Dataset entries
══════════

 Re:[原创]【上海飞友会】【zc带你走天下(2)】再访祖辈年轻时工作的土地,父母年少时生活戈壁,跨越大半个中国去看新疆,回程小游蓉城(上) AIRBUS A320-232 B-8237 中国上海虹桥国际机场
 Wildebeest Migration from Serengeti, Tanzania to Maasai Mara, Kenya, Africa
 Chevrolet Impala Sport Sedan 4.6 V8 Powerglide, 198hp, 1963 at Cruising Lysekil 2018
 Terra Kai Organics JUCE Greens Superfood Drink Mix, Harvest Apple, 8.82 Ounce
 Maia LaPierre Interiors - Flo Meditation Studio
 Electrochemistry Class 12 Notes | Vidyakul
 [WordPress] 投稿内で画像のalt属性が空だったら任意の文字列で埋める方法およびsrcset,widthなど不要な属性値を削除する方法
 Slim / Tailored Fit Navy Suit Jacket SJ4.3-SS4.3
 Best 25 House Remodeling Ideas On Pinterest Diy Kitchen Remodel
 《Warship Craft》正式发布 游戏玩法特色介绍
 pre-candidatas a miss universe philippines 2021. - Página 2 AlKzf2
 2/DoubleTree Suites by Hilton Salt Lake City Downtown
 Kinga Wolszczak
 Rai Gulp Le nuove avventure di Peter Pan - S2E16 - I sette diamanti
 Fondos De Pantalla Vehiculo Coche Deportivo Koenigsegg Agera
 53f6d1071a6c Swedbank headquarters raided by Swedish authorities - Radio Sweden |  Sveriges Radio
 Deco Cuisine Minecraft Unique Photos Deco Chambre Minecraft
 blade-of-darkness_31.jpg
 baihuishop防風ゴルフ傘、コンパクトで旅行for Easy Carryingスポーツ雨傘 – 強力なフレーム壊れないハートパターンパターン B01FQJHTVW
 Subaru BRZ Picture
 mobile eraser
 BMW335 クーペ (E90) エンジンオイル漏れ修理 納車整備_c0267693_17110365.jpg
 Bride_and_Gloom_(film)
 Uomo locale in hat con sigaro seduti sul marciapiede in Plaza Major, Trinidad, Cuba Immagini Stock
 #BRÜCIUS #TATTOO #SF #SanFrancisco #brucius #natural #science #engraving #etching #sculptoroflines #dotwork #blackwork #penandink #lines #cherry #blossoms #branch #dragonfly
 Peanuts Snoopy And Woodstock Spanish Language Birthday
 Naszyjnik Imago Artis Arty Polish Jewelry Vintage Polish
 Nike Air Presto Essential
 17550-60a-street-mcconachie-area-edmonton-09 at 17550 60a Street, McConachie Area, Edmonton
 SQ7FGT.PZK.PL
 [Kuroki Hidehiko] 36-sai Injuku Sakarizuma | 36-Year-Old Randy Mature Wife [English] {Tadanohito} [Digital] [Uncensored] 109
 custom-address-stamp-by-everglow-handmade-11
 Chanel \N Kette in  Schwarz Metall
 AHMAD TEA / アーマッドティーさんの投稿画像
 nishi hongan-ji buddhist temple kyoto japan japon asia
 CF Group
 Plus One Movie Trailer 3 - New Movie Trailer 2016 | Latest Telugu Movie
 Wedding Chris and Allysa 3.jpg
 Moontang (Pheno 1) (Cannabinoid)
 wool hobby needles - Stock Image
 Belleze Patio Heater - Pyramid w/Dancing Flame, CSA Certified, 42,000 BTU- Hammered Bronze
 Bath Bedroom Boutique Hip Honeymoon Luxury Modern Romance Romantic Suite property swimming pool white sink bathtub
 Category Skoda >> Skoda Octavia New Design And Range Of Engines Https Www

══════════

Write out each record again, keeping every word as it is.

 Re:[原创]【上海飞友会】【zc带你走天下(2)】再访祖辈年轻时工作的土地,父母年少时生活戈壁,跨越大半个中国去看新疆,回程小游蓉城(上) AIRBUS A320-232 B-8237 中国上海虹桥国际机场
 Wildebeest Migration from Serengeti, Tanzania to Maasai Mara, Kenya, Africa
 Chevrolet Impala Sport Sedan 4.6 V8 Powerglide, 198hp, 1963 at Cruising Lysekil 2018
 Terra Kai Organics JUCE Greens Superfood Drink Mix, Harvest Apple, 8.82 Ounce
 Maia LaPierre Interiors - Flo Meditation Studio
 Electrochemistry Class 12 Notes | Vidyakul
 [WordPress] 投稿内で画像のalt属性が空だったら任意の文字列で埋める方法およびsrcset,widthなど不要な属性値を削除する方法
 Slim / Tailored Fit Navy Suit Jacket SJ4.3-SS4.3
 Best 25 House Remodeling Ideas On Pinterest Diy Kitchen Remodel
 《Warship Craft》正式发布 游戏玩法特色介绍
 pre-candidatas a miss universe philippines 2021. - Página 2 AlKzf2
 2/DoubleTree Suites by Hilton Salt Lake City Downtown
 Kinga Wolszczak
 Rai Gulp Le nuove avventure di Peter Pan - S2E16 - I sette diamanti
 Fondos De Pantalla Vehiculo Coche Deportivo Koenigsegg Agera
 53f6d1071a6c Swedbank headquarters raided by Swedish authorities - Radio Sweden |  Sveriges Radio
 Deco Cuisine Minecraft Unique Photos Deco Chambre Minecraft
 blade-of-darkness_31.jpg
 baihuishop防風ゴルフ傘、コンパクトで旅行for Easy Carryingスポーツ雨傘 – 強力なフレーム壊れないハートパターンパターン B01FQJHTVW
 Subaru BRZ Picture
 mobile eraser
 BMW335 クーペ (E90) エンジンオイル漏れ修理 納車整備_c0267693_17110365.jpg
 Bride_and_Gloom_(film)
 Uomo locale in hat con sigaro seduti sul marciapiede in Plaza Major, Trinidad, Cuba Immagini Stock
 #BRÜCIUS #TATTOO #SF #SanFrancisco #brucius #natural #science #engraving #etching #sculptoroflines #dotwork #blackwork #penandink #lines #cherry #blossoms #branch #dragonfly
 Peanuts Snoopy And Woodstock Spanish Language Birthday
 Naszyjnik Imago Artis Arty Polish Jewelry Vintage Polish
 Nike Air Presto Essential
 17550-60a-street-mcconachie-area-edmonton-09 at 17550 60a Street, McConachie Area, Edmonton
 SQ7FGT.PZK.PL
 [Kuroki Hidehiko] 36-sai Injuku Sakarizuma | 36-Year-Old Randy Mature Wife [English] {Tadanohito} [Digital] [Uncensored] 109
 custom-address-stamp-by-everglow-handmade-11
 Chanel \N Kette in  Schwarz Metall
 AHMAD TEA / アーマッドティーさんの投稿画像
 nishi hongan-ji buddhist temple kyoto japan japon asia
 CF Group
 Plus One Movie Trailer 3 - New Movie Trailer 2016 | Latest Telugu Movie
 Wedding Chris and Allysa 3.jpg
 Moontang (Pheno 1) (Cannabinoid)
 wool hobby needles - Stock Image
 Belleze Patio Heater - Pyramid w/Dancing Flame, CSA Certified, 42,000 BTU- Hammered Bronze
 Bath Bedroom Boutique Hip Honeymoon Luxury Modern Romance Romantic Suite property swimming pool white sink bathtub
 Category Skoda >> Skoda Octavia New Design And Range Of Engines Https Www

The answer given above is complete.